We have a somewhat unique setup whereby our default router is outside of the local network.

Let us say our network is 192.168.10.0/255.255.255.0

So we have a route-eth0 file that looks something like this:

10.1.1.1 via 192.168.10.1 dev eth0
default 10.1.1.1 dev eth0

The last definition would simply not take – but it has to for the setup to work. And no, 192.168.10.1 does not operate as a full-fledge router due to our setup.

When we attempt to add it manually we get the following error:

RTNETLINK answers: No such process

When we use ifup we get the following:

Error: either “to” is a duplicate, or “10.1.1.1” is a garbage.

A little discussion of this can be found here:

http://www.CentOS.org/docs/5/html/5.1/Deployment_Guide/s1-networkscripts-static-routes.html

and here:

http://www.linuxquestions.org/questions/linux-networking-3/etc-init-d-networking-restart-errors-637610/

It does not help us, however. Any tips much appreciated.

Cheers,

Boris.

5 thoughts on - Default Gateway Outside Of The LAN

  • You need to revisit your networking knowledge … specifically what a gateway is…

    You need a router (gateway) on 192.168.10.0/24 (presumably 192.168.10.1 in your example). On this you have a default route to the next hop of
    10.1.1.1…

    In terms of routing systems on 192.168.10.0/24 have no knowledge of
    10.1.1.1 and no ability to influence the route other than the next hop on the same local link network as them (192.168.10.1 in this example).

  • Hi Boris,

    ‘unique’ is a very mild expression. The word you’re actually looking for was probably ‘wrong’.

    Your gateway *must* be in the network your interfaces are in.
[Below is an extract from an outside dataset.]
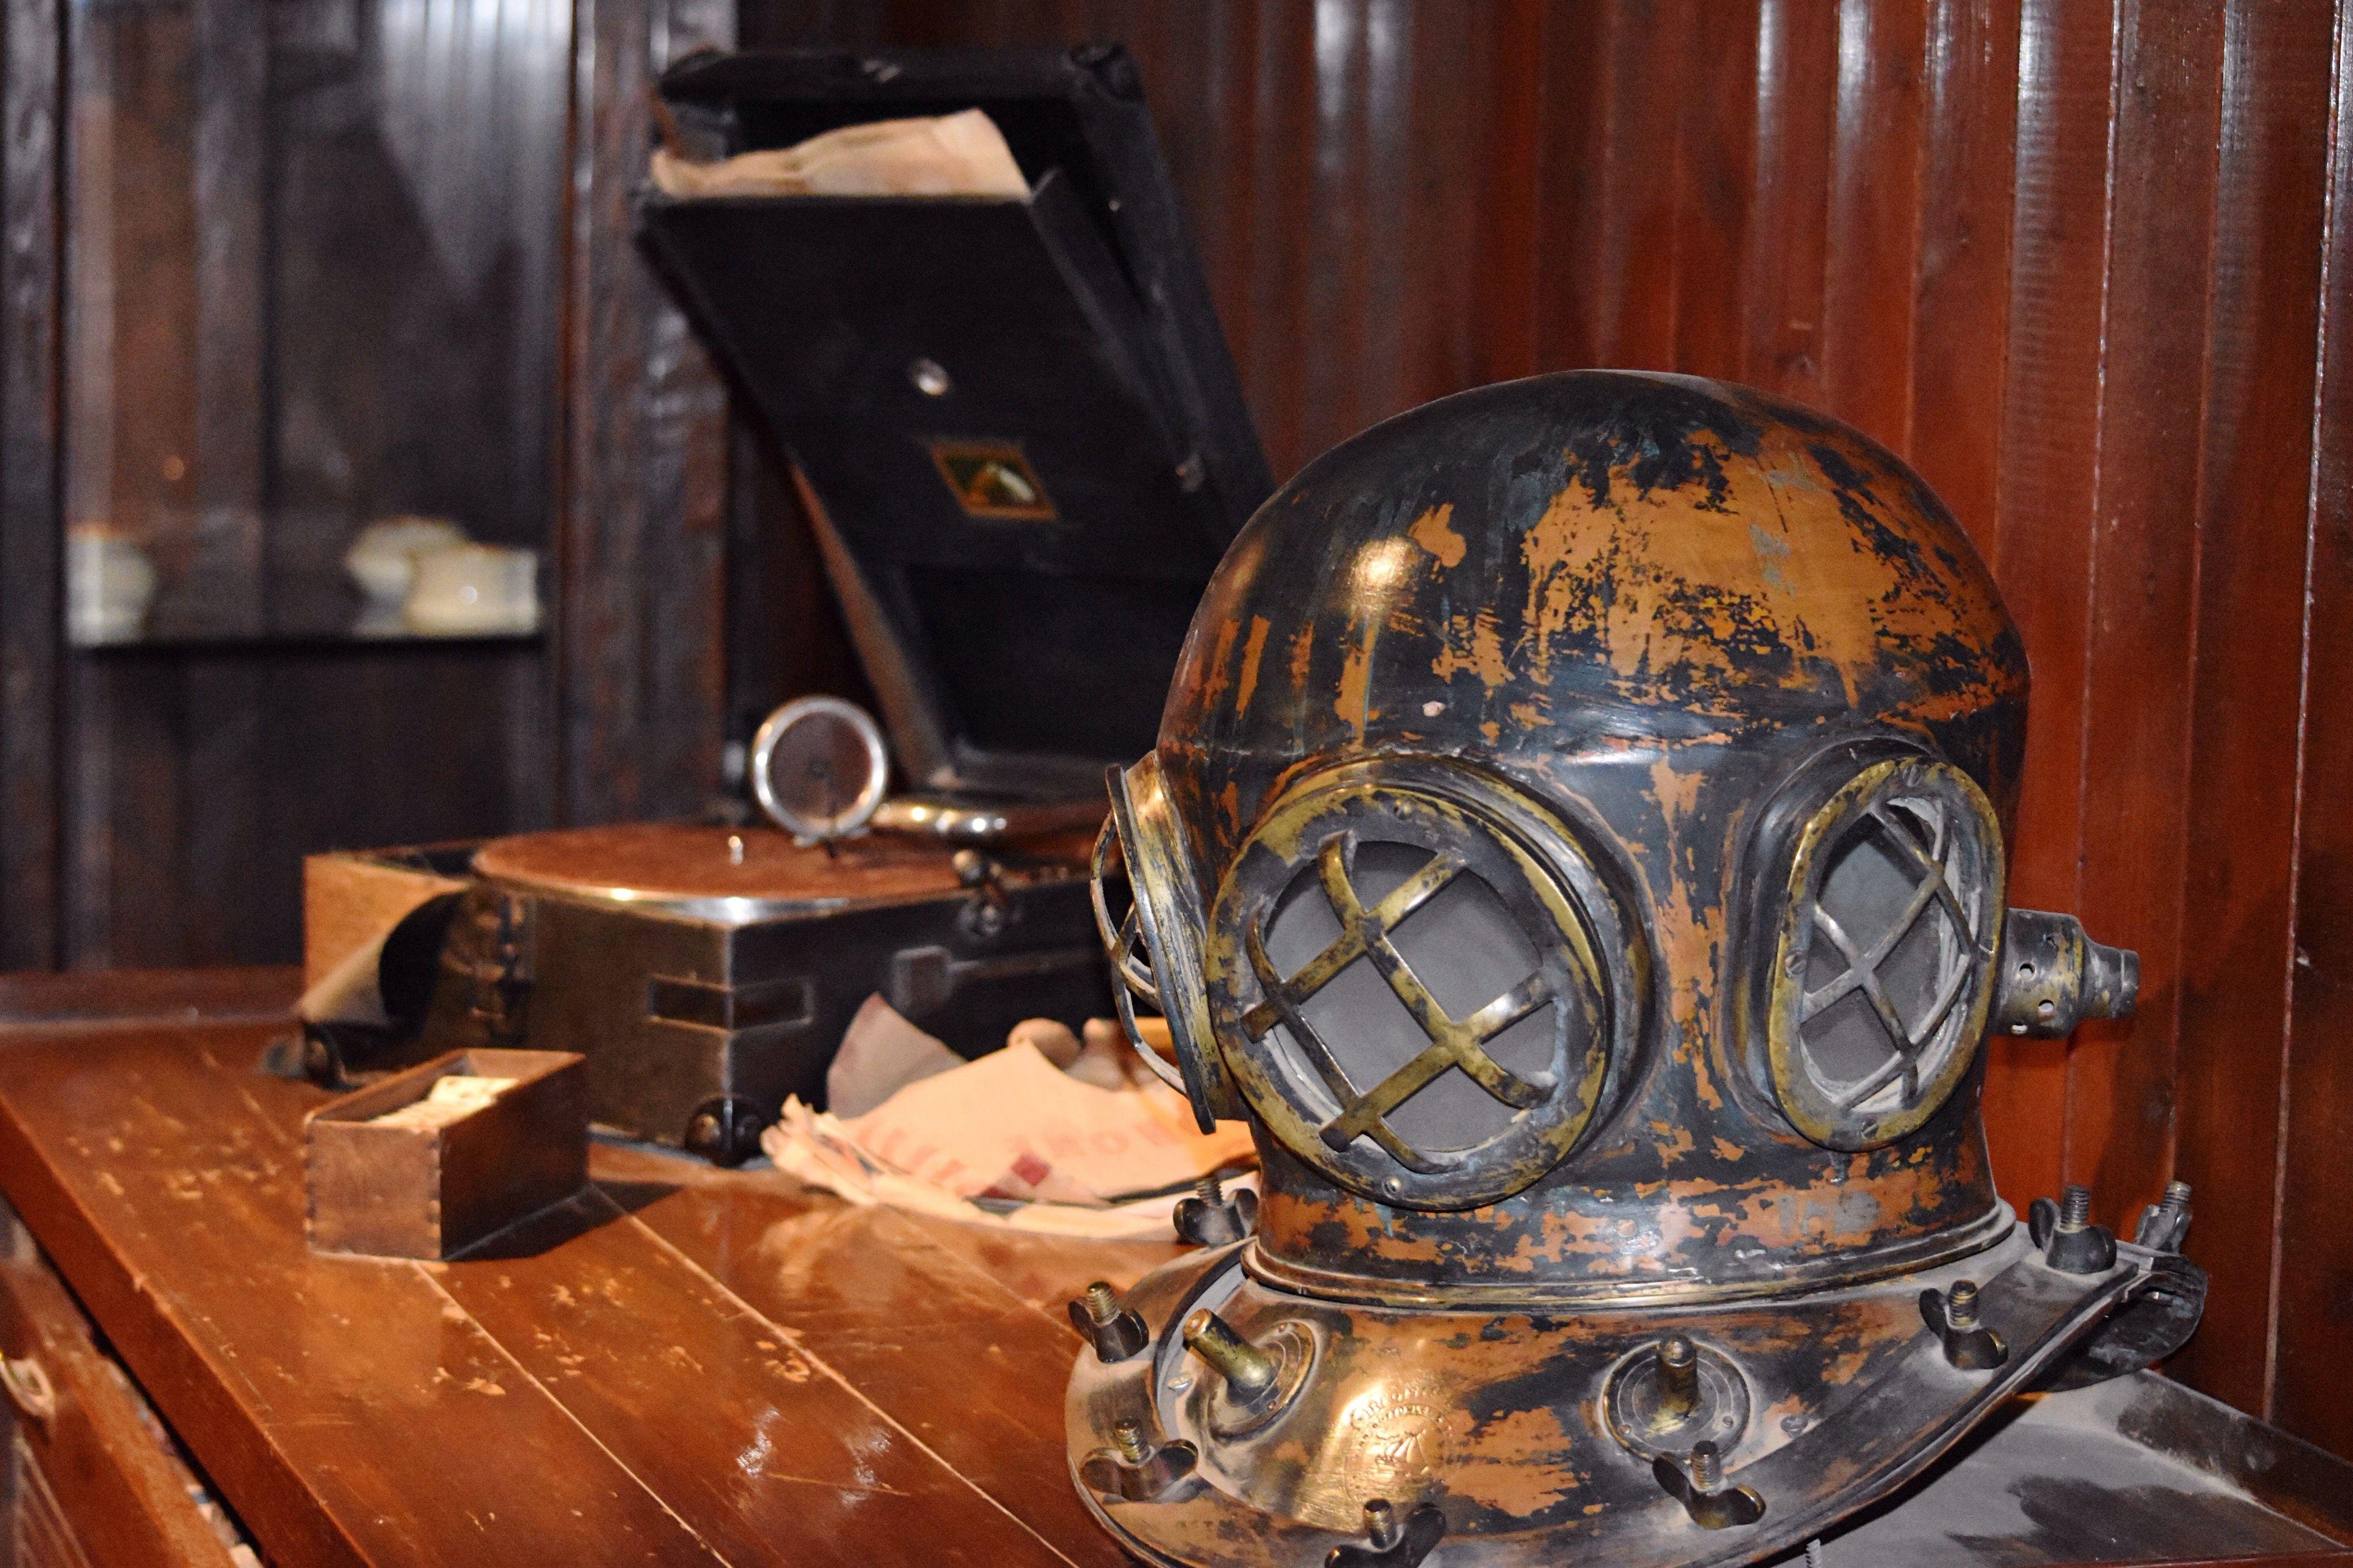 Diving helmets on desk

You also would not want your living room be built without any doors and a sign on the wall ‘the exit is in the kitchen’.

    Best regards,

    Peter.

  • There does exist one use case that was pointed out on IRC that might be valid … although the OP is somewhat abstract in his original definition so this might not apply…

    In the event an ISP provides new IPs and routes them to your host but these are outside of the pre-existing subnet it is possible to use them with no gateway in the subnet associated with these (it’s essentially a point to point link directing traffic at an interface)…

    This somewhat describes the situation:

    http://www.adminsehow.com/2011/09/gateway-on-a-different-subnet-on-linux/

    However it is a rather specific use case and may not apply here…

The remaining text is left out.